* Problem to work on: Quote the whole listing word for word. Do not include the pictures.

* Provided data:
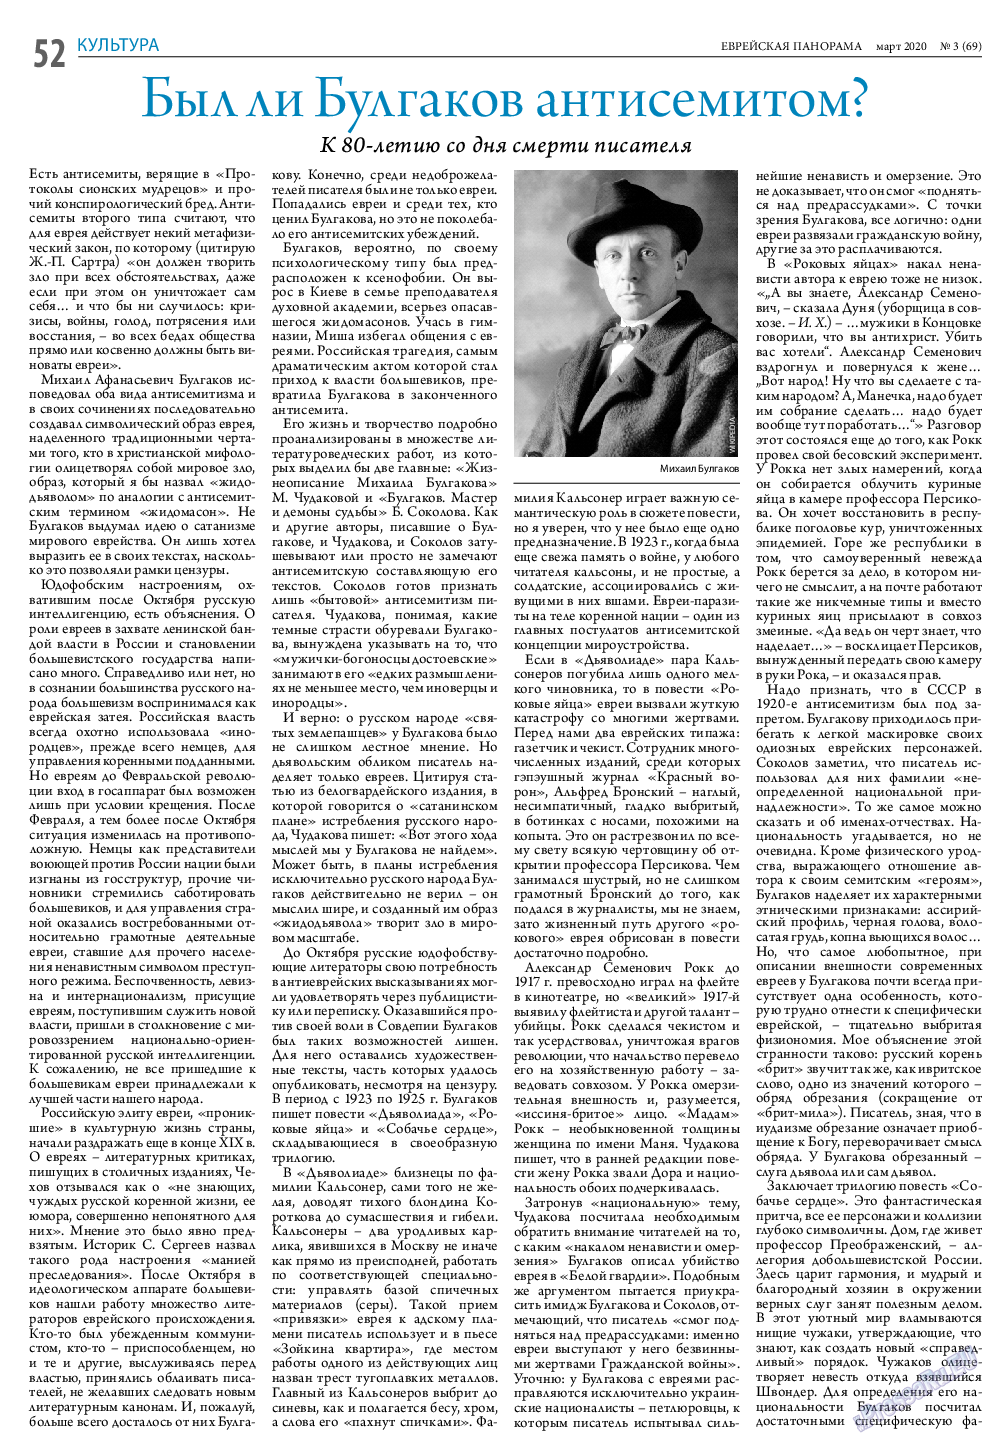 Еврейская панорама, газета. 2020 №3 стр.52
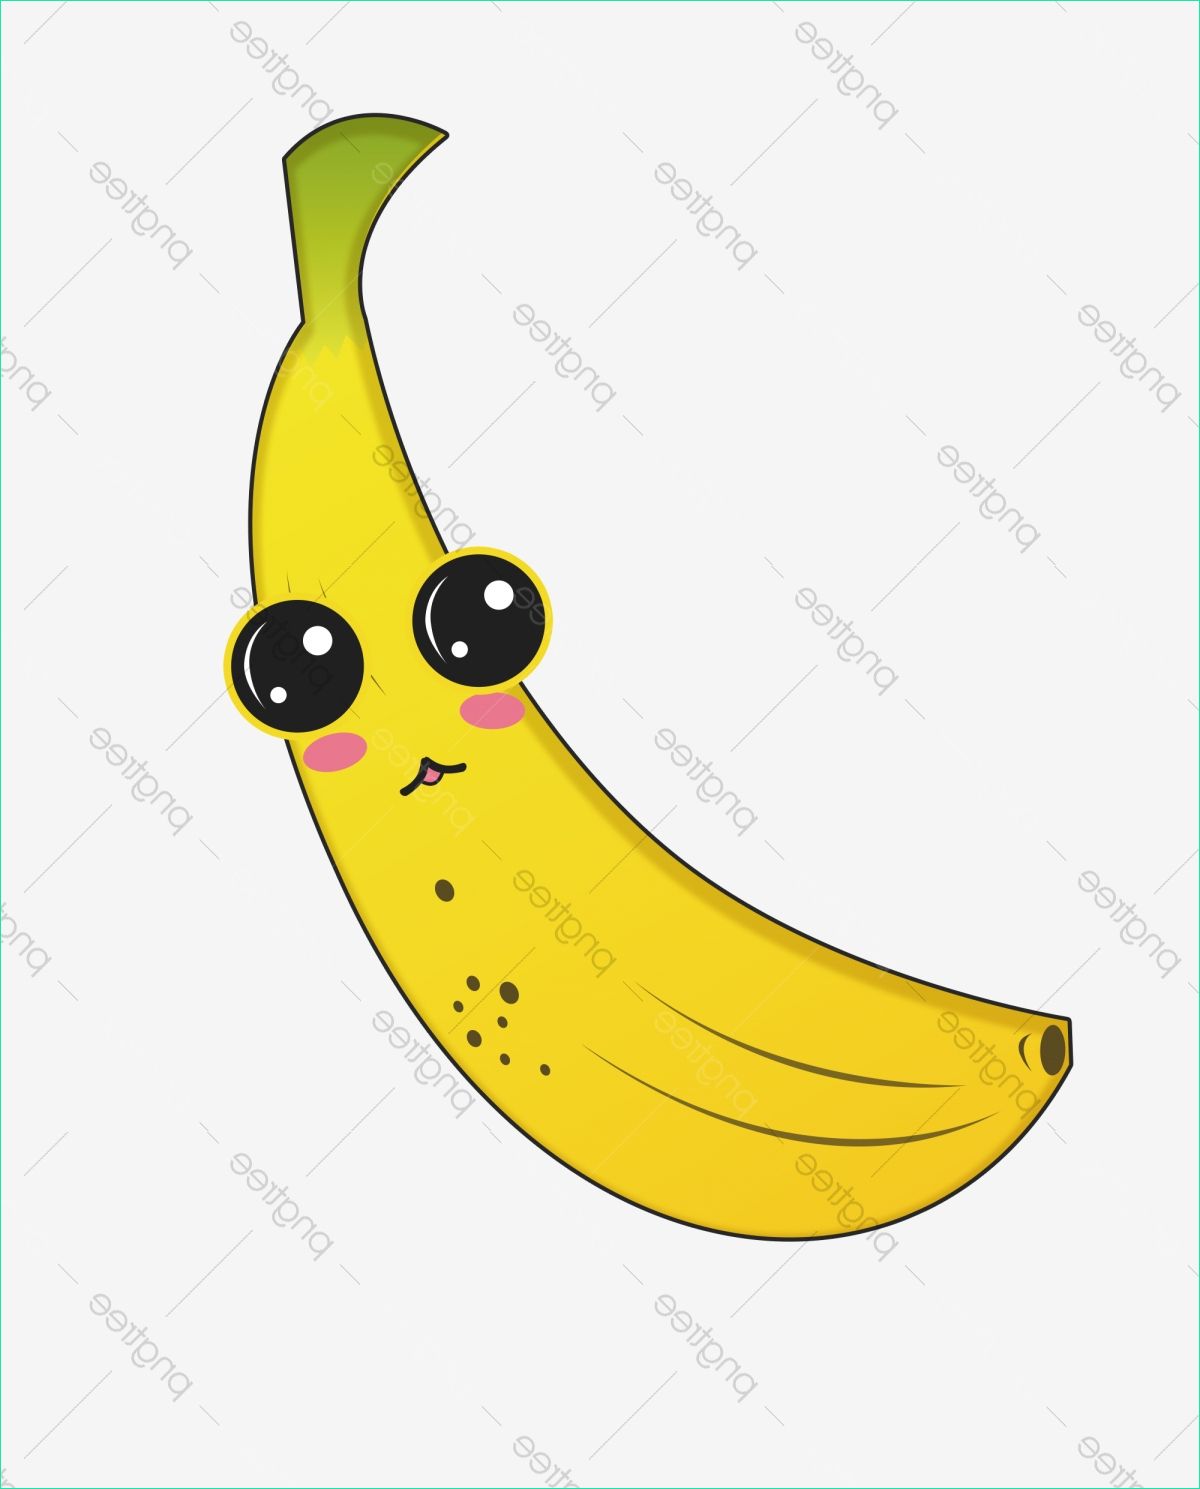 banane de dessin anime banane nourriture dete ete banane de interieur dessiner une banane
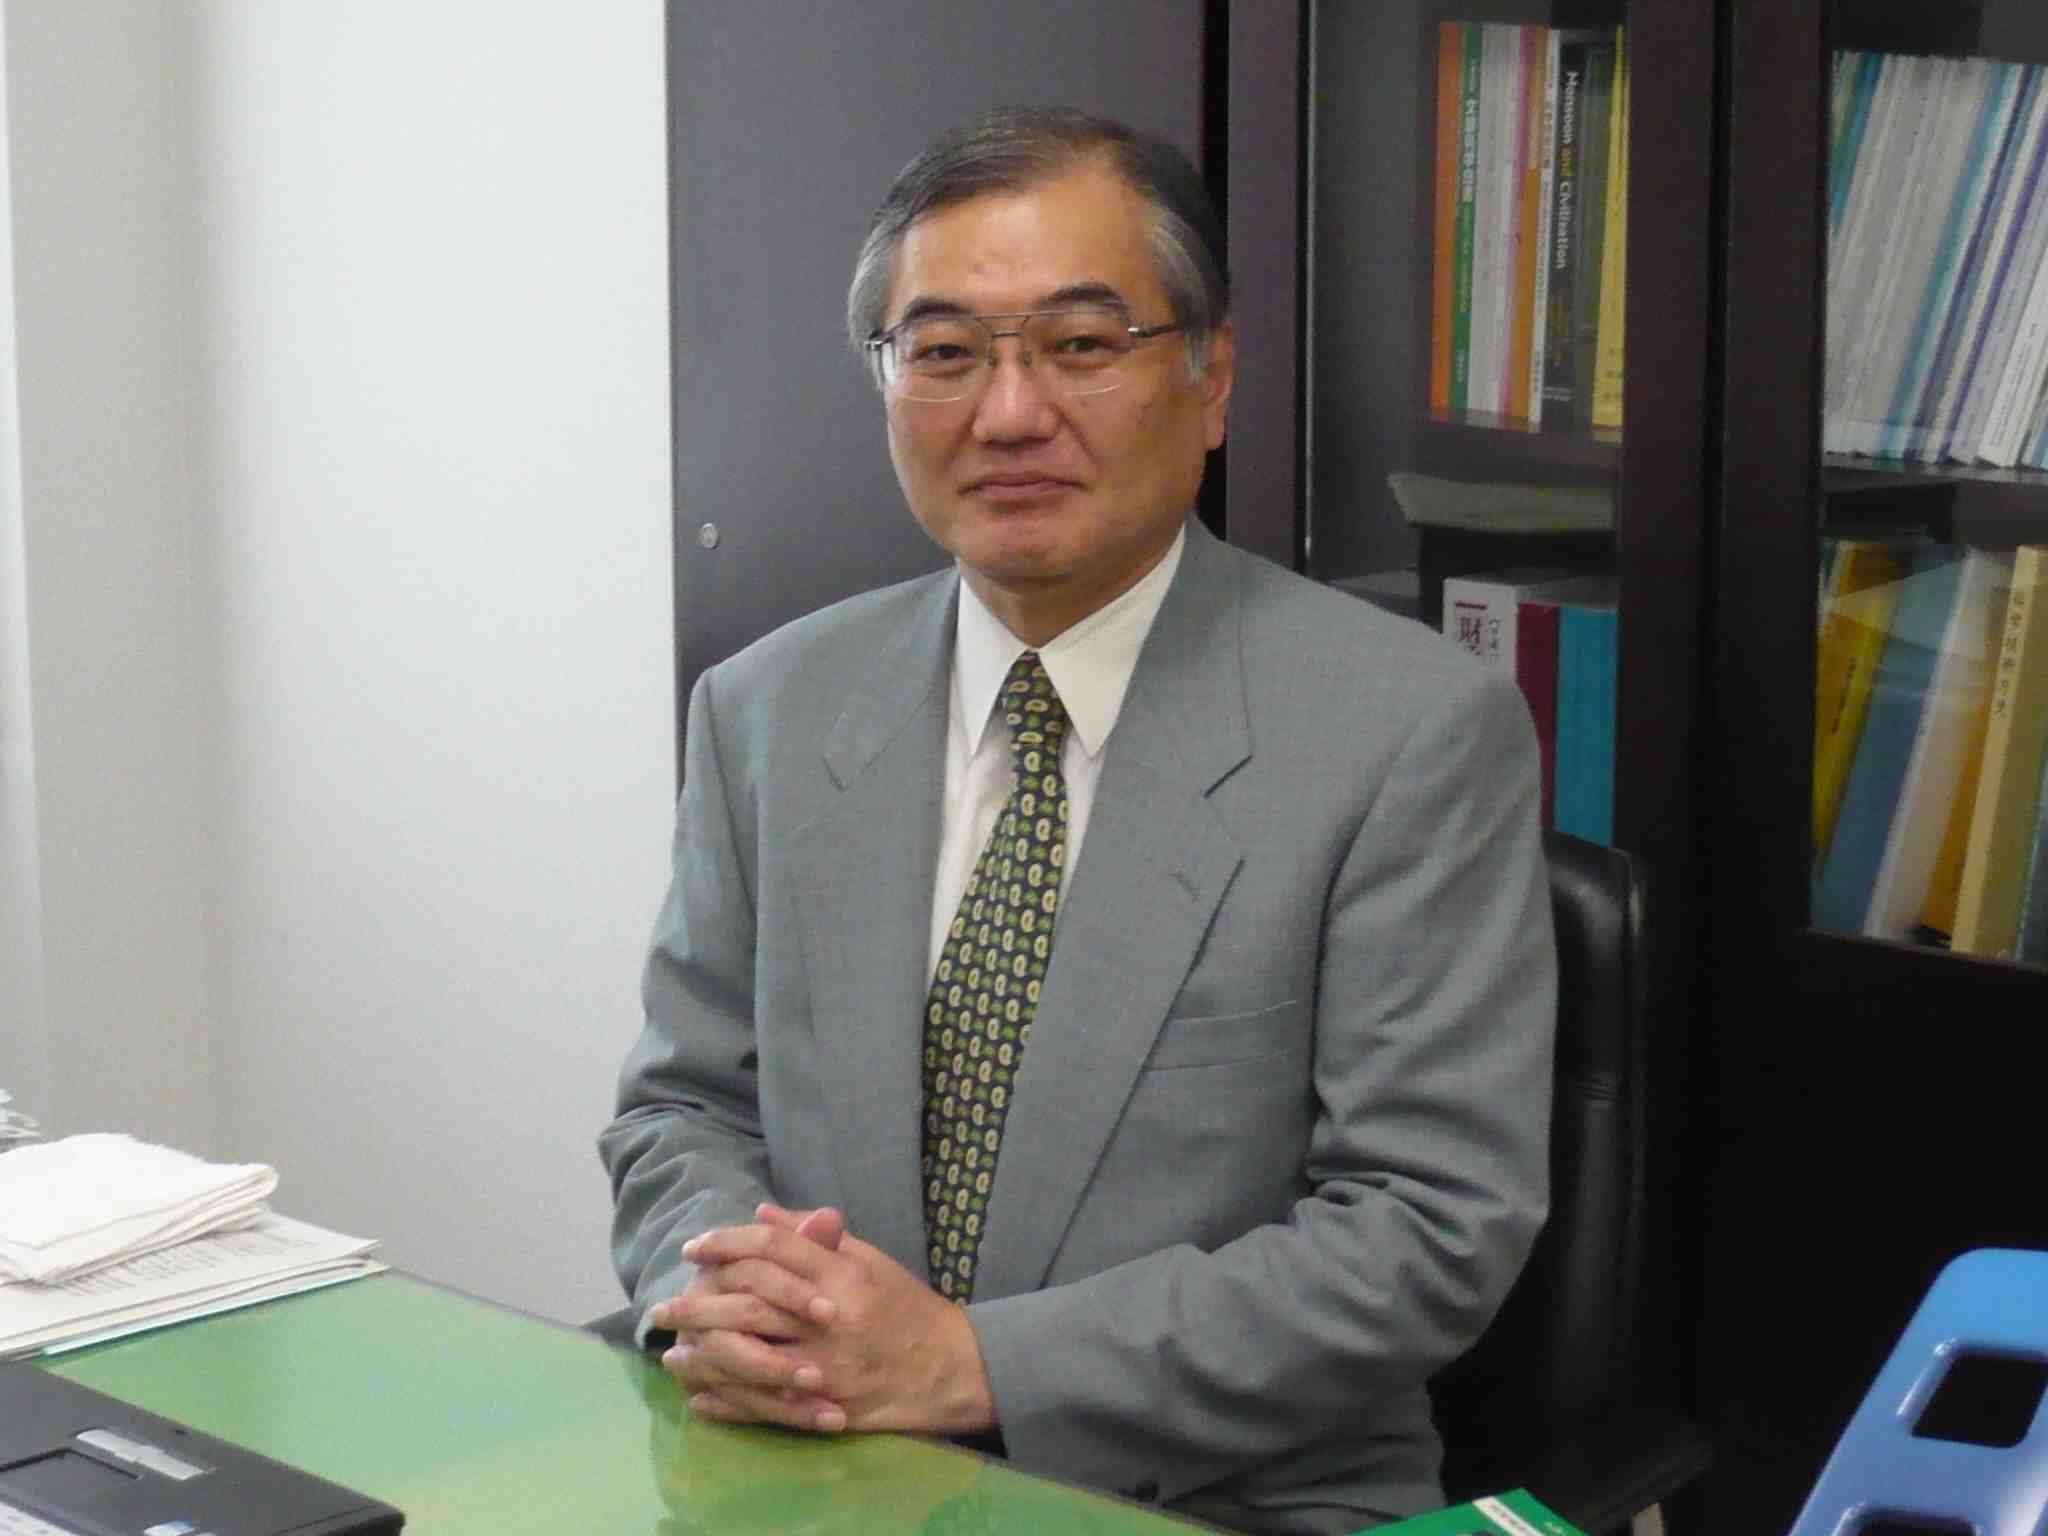 Deputy Director-General of Japan’s MEXT, Mr. Aoyama
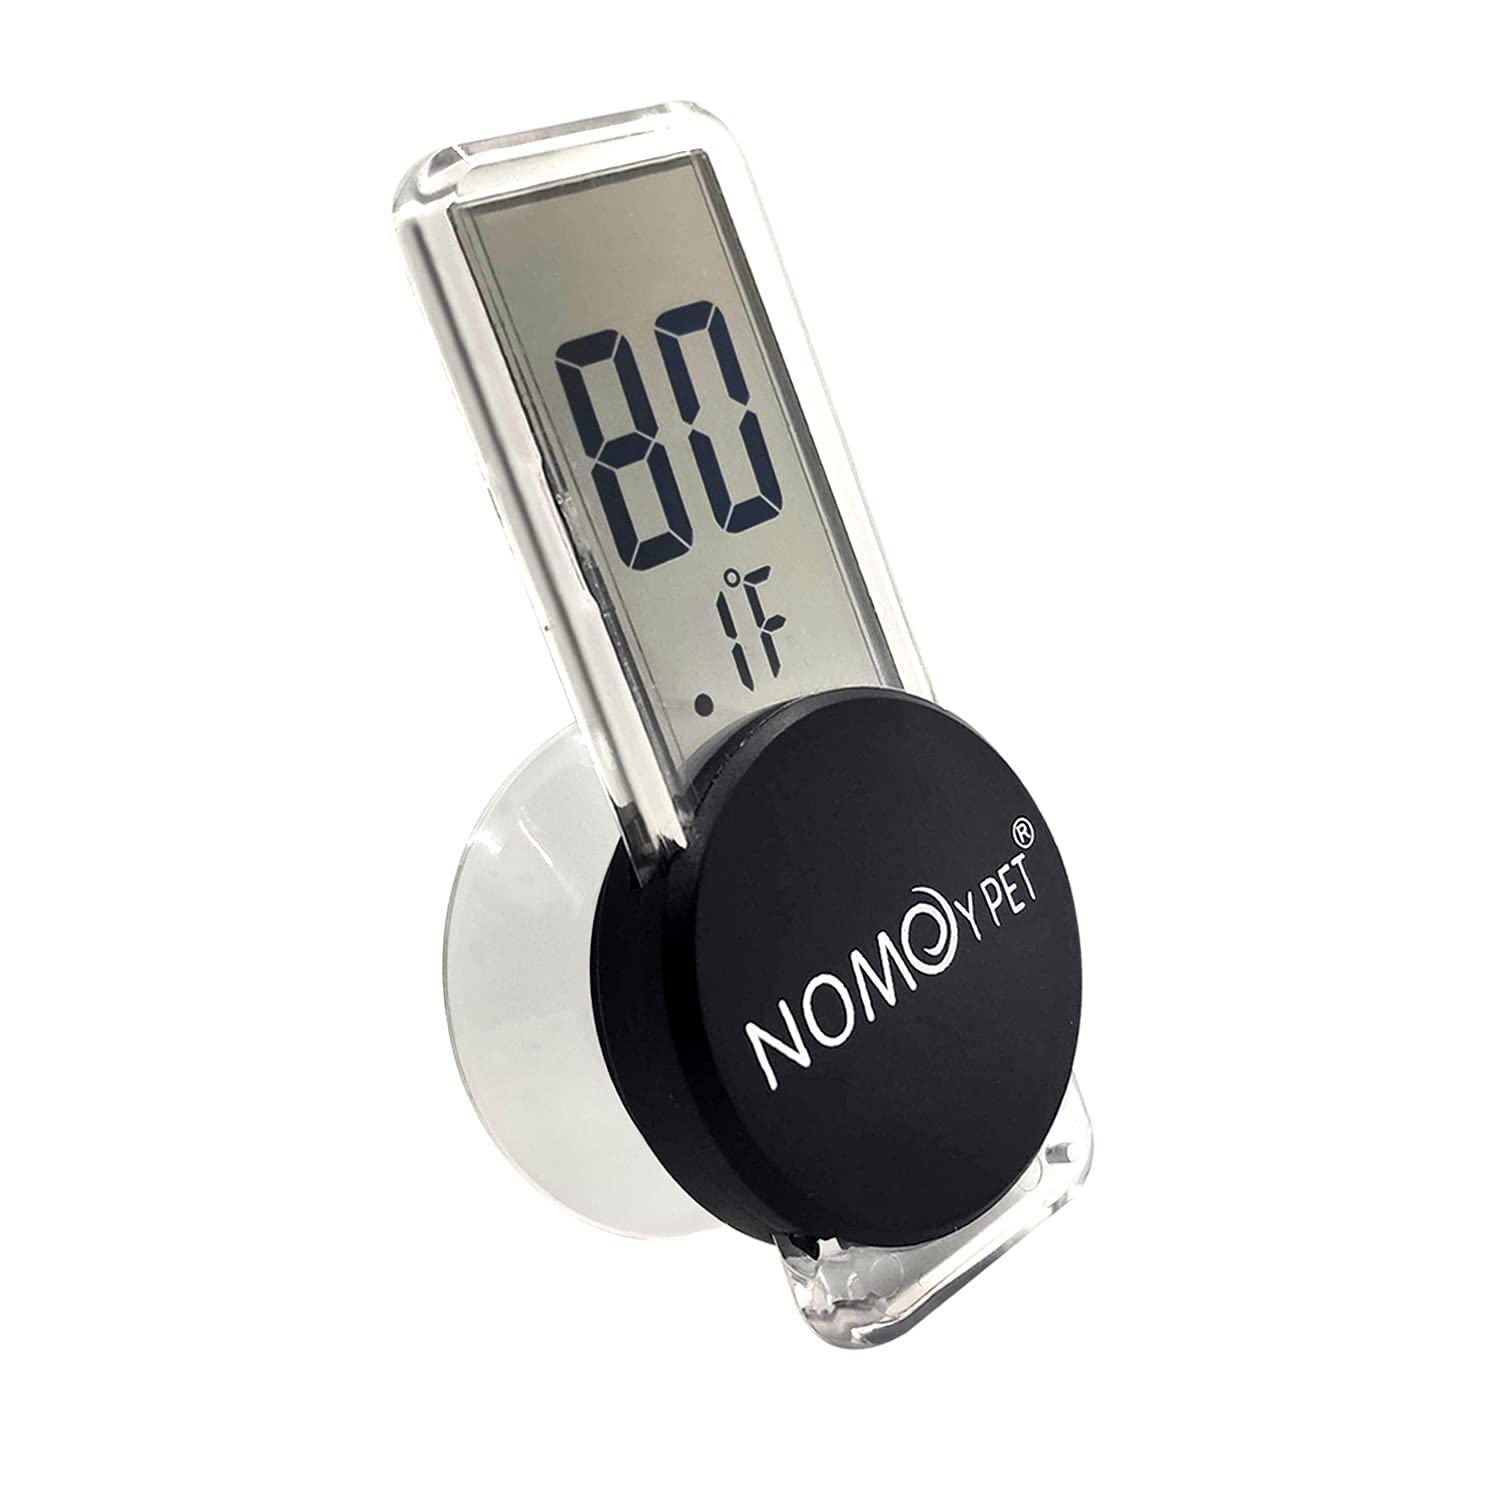 Digital Terrarium Thermometer / Hygrometer / 6-PACK

* Task solution:
 Еврейская панорама, газета. 2020 №3 стр.52
 banane de dessin anime banane nourriture dete ete banane de interieur dessiner une banane
 Deputy Director-General of Japan’s MEXT, Mr. Aoyama
 Digital Terrarium Thermometer / Hygrometer / 6-PACK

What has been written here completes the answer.